Mutations and aberrant expression of RNA binding proteins (RBPs) have recently been found to contribute to leukemia development (Prieto and Kharas, CSH, 2020). Previously we have identified the RBP RBMX (RNA binding motif protein, X-linked) in our shRNA in vivo screen using murine MLL-AF9 driven leukemia (Prieto et al, ASH abstract 2018). Here we uncover the role of RBMX and its retrogene RBMXL1 in normal hematopoiesis and leukemogenesis in mouse and human systems.

To investigate RBMX function in normal hematopoiesis, we created an Rbmx Mx1-Cre conditional knockout model to specifically delete Rbmx in the hematopoietic system. We gender stratified our studies since Rbmx is sex-linked. Deletion of Rbmx in both female and male primary mice as well as in non-competitive transplant animals did not affect hematopoiesis. Additionally, Rbmx knockout (KO) leads to a mild reduction in multipotent progenitors (MPP2 and MPP4) in female competitive transplanted mice although no defects in long-term hematopoiesis was observed in male competitive transplanted mice. These data suggest that Rbmx is dispensable for normal hematopoiesis.

To identify the role of RBMX in leukemogenesis we knockout Rbmx in MLL-AF9 murine leukemia cells and found it significantly reduced colony formation in vitro and delayed leukemogenesis in vivo, indicating that Rbmx is required for leukemia maintenance. We observed, however, that MLL-AF9 transformed cells from Rbmx KO donor mice showed no delay in leukemia initiation versus cells from wildtype. We then determined that while Rbmx deletion is effective with complete depletion of mRNA, the retrogene RBMXL1 expression is maintained in Rbmx deficient cells, which may compensate for Rbmx deletion in leukemia initiation. Indeed, depletion of RBMXL1 by shRNAs (KD) in Rbmx deficient leukemia cells results in a drastic reduction in colony formation, increased colony myeloid differentiation, and induced apoptosis in cells deficient for both RBMXL1 and RBMX compared to those only depleted of RBMX. Correspondingly, RBMXL1 KD in Rbmx deficient leukemia cells resulted in further delayed leukemogenesis in vivo, indicating that RBMXL1 is functionally redundant to RBMX and both genes are required for leukemia development and maintenance.
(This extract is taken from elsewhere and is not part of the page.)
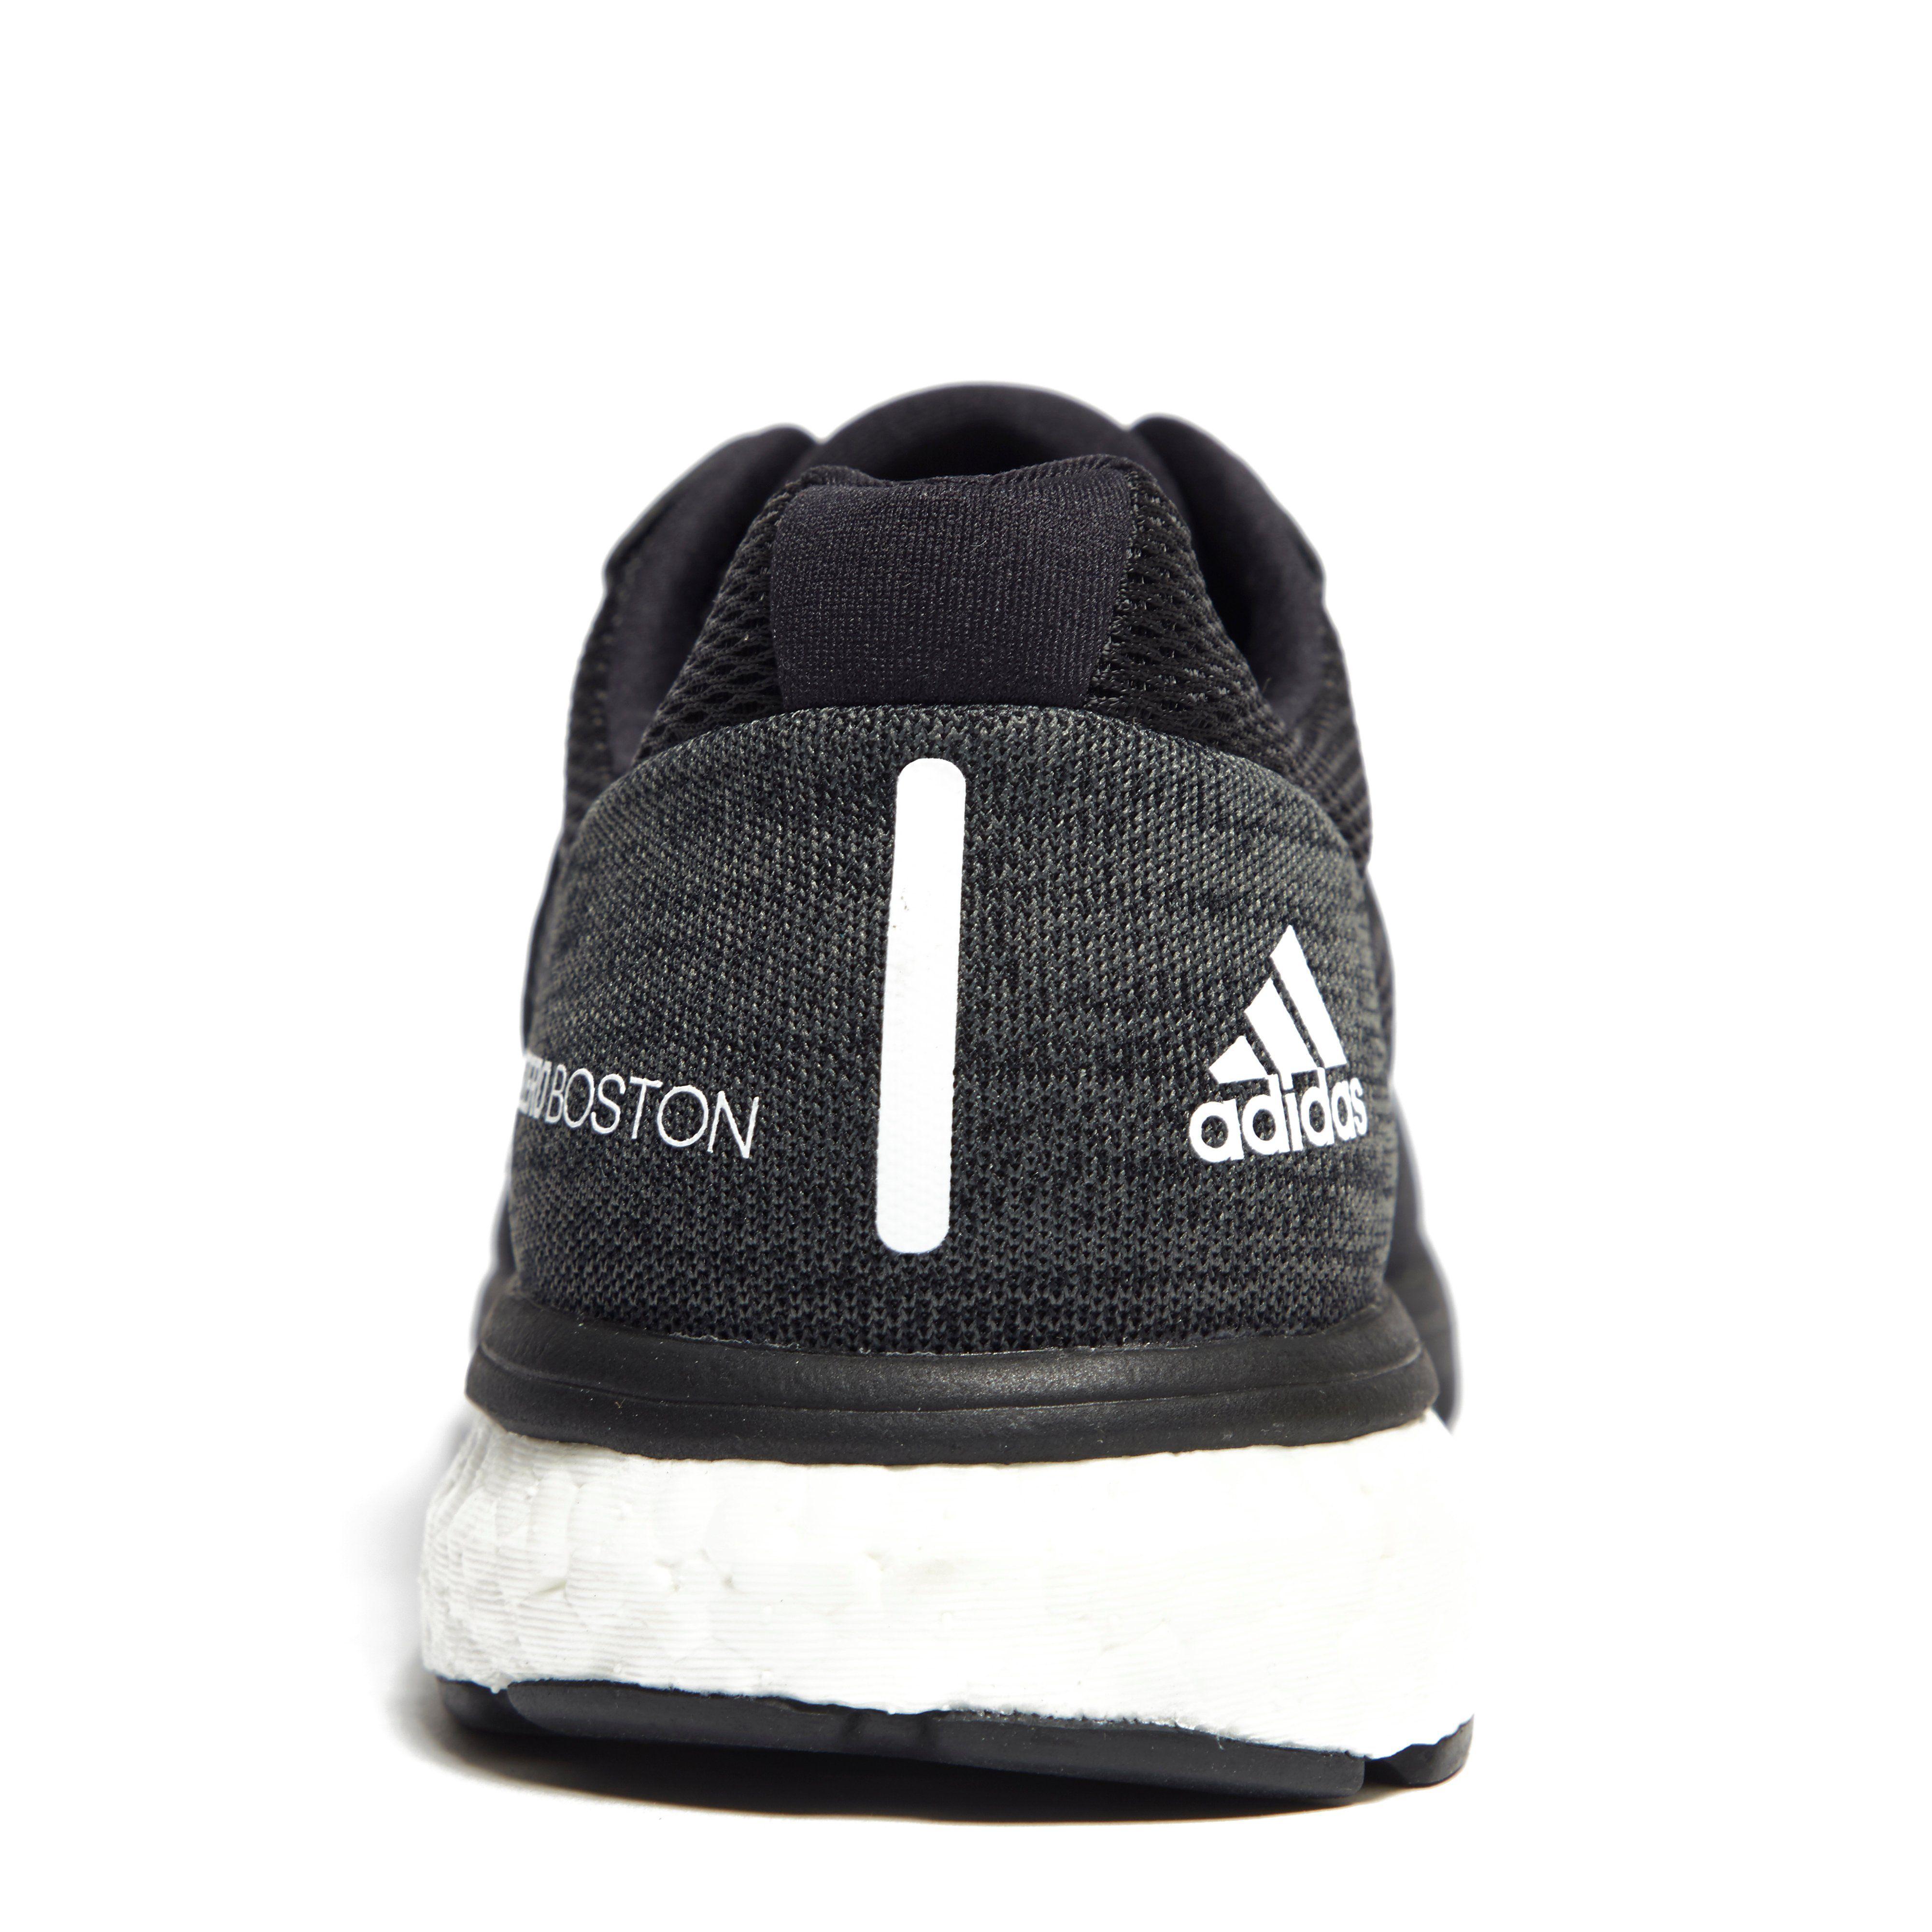 adidas Adizero Boston 7 Men's Running Shoes

We next investigated the role of RBMX/L1 in normal human hematopoietic and leukemia cells. We found that RBMX/L1 expression were higher in AML cell lines (n=10/11) and primary AML patient samples (n=2/4) compared to healthy individuals. RBMX/L1 KD by shRNAs led to a dramatic decrease in cell proliferation, induction of apoptosis and myeloid differentiation in several human myeloid leukemia cell lines (MOLM-13, THP-1, K562, and KCL-22). Additionally, RBMX/L1 depletion significantly delayed leukemogenesis in vivo of AML cell lines (median survival of 51.5 days in control vs. median 'not reached' in shRNA1 and shRNA2), and of primary leukemia cells derived from an AML patient (median 50 days in control vs. "not reached" in shRNA2). We next depleted RBMX/L1 in human CD34+ stem and progenitor cells and observed reduced colony formation but no increase in apoptosis. Taken together, our data suggest that RBMX/L1 are differentially required in leukemia cells versus normal cells in both human and mouse systems.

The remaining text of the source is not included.